START Entries provided
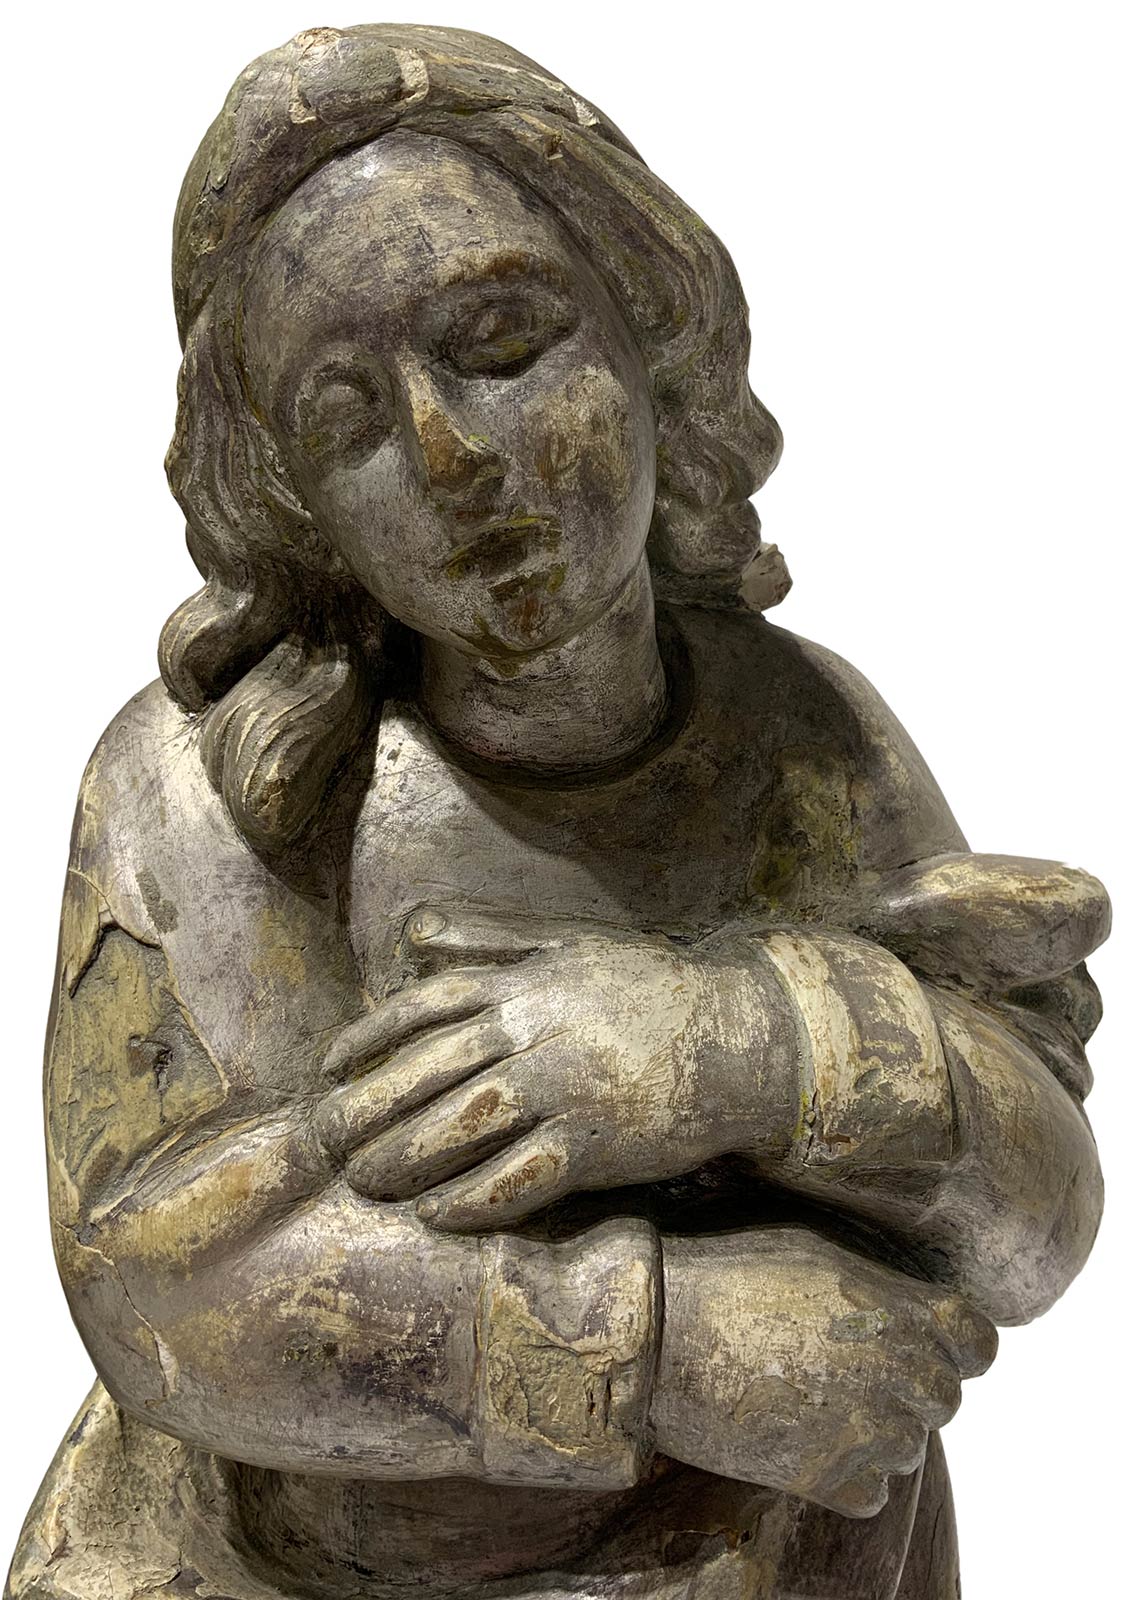 Wooden statue depicting a young St. Agatha, the seventeenth century, worked with silver leaf. H cm - Image 2 of 4
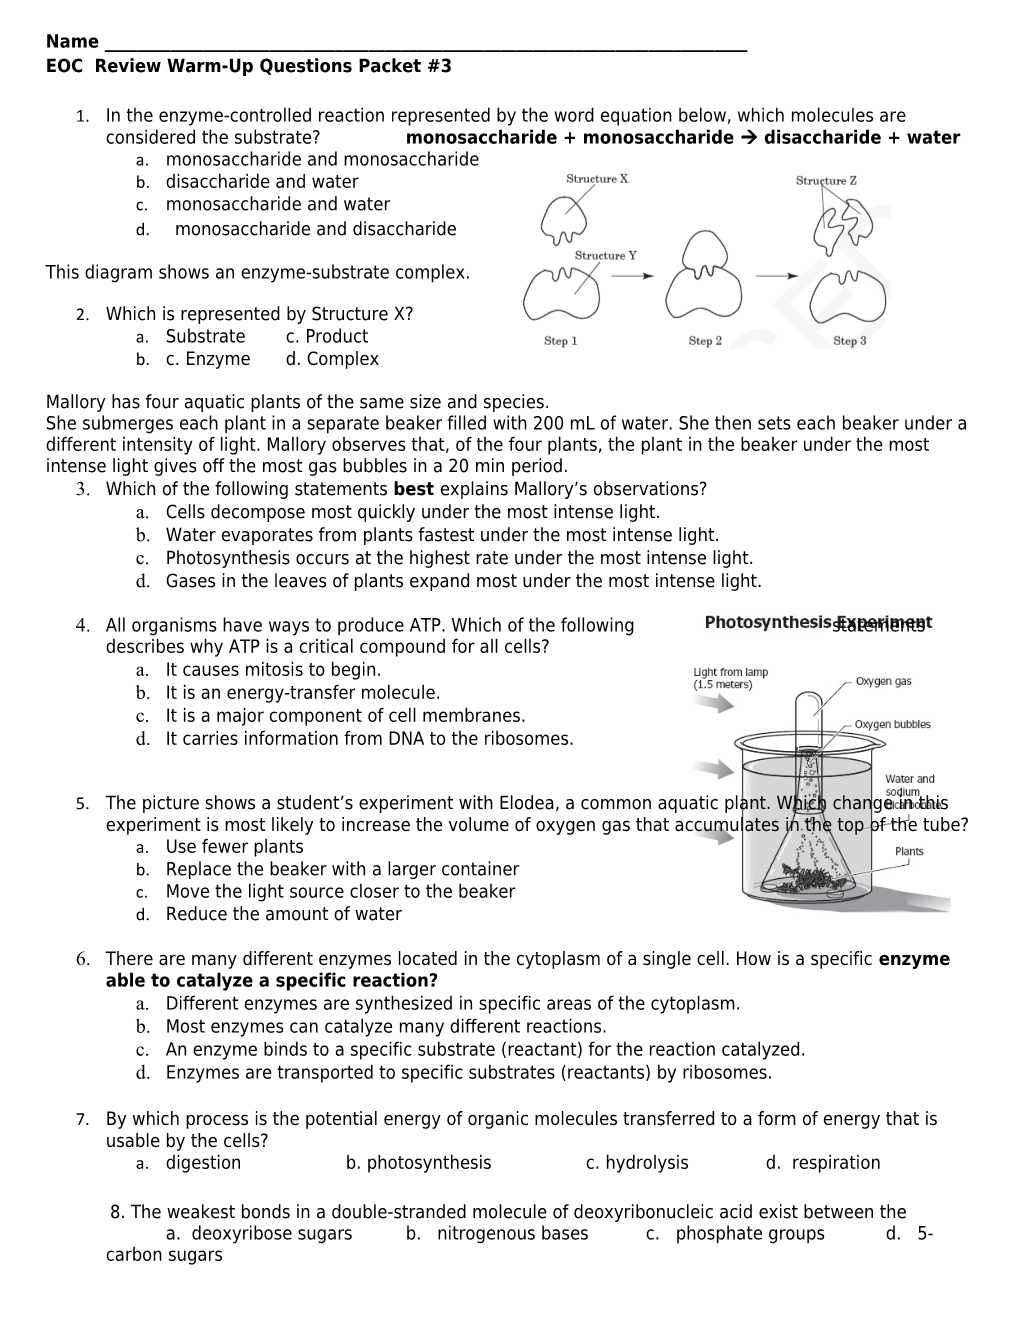 EOC Review Warm-Up Questions Packet #3
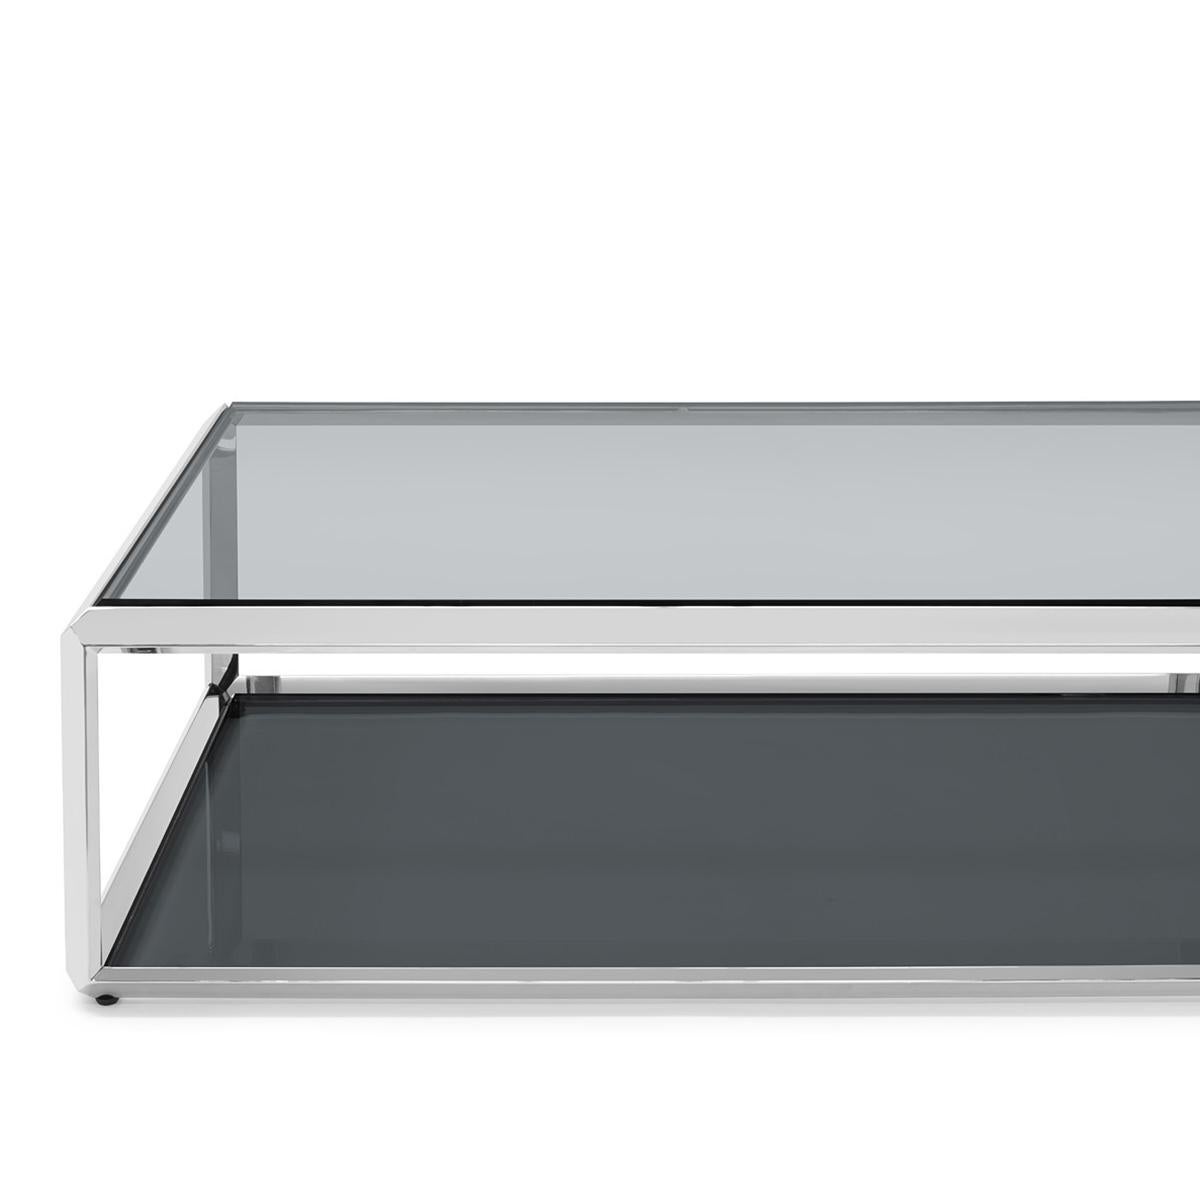 Coffee table Casiopee chrome with structure in chrome finish,
with beveled smocked glass top up and down the coffee table.
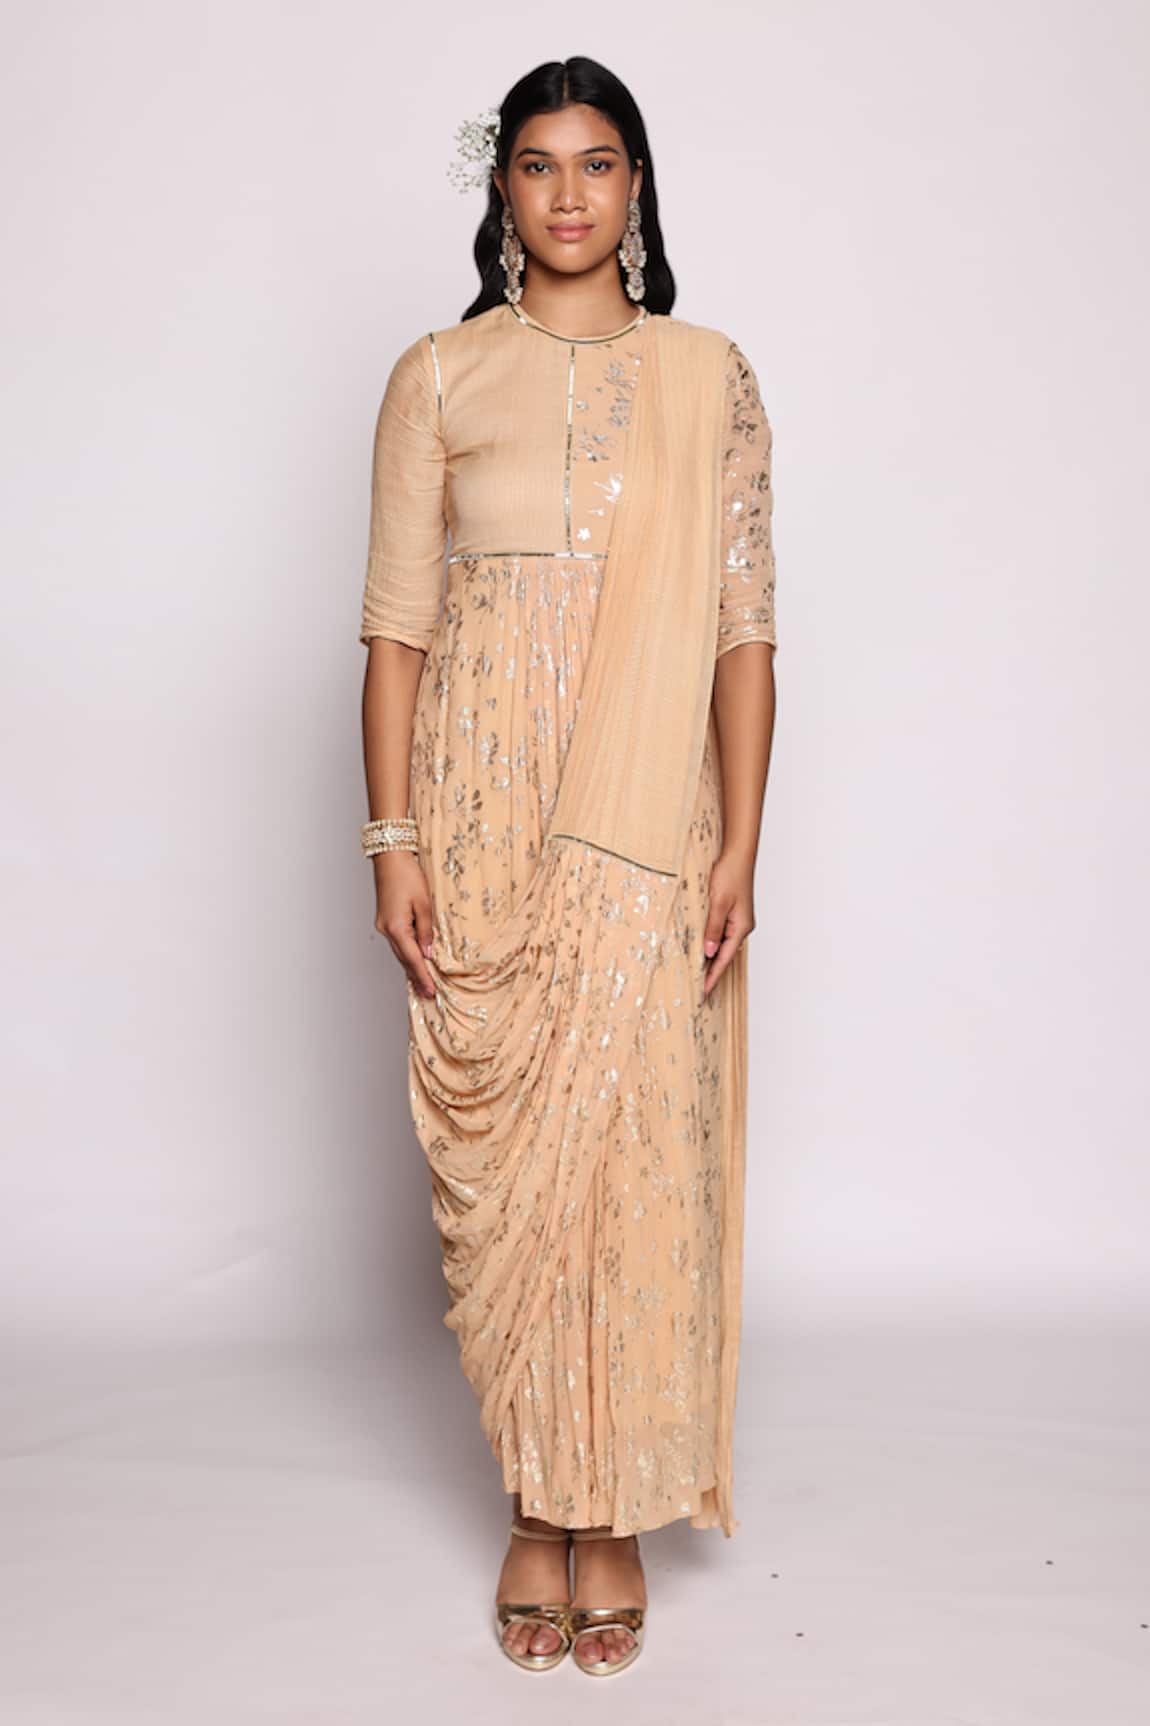 ABSTRACT BY MEGHA JAIN MADAAN Ambrosia Foil Print Embellished Draped Saree Gown
END Entries provided
Work to complete:
Excluding pictures, print all lines above exactly.

Written answer:
 Wooden statue depicting a young St. Agatha, the seventeenth century, worked with silver leaf. H cm - Image 2 of 4
 EOC Review Warm-Up Questions Packet #3
 Coffee table Casiopee chrome with structure in chrome finish,
with beveled smocked glass top up and down the coffee table.
 ABSTRACT BY MEGHA JAIN MADAAN Ambrosia Foil Print Embellished Draped Saree Gown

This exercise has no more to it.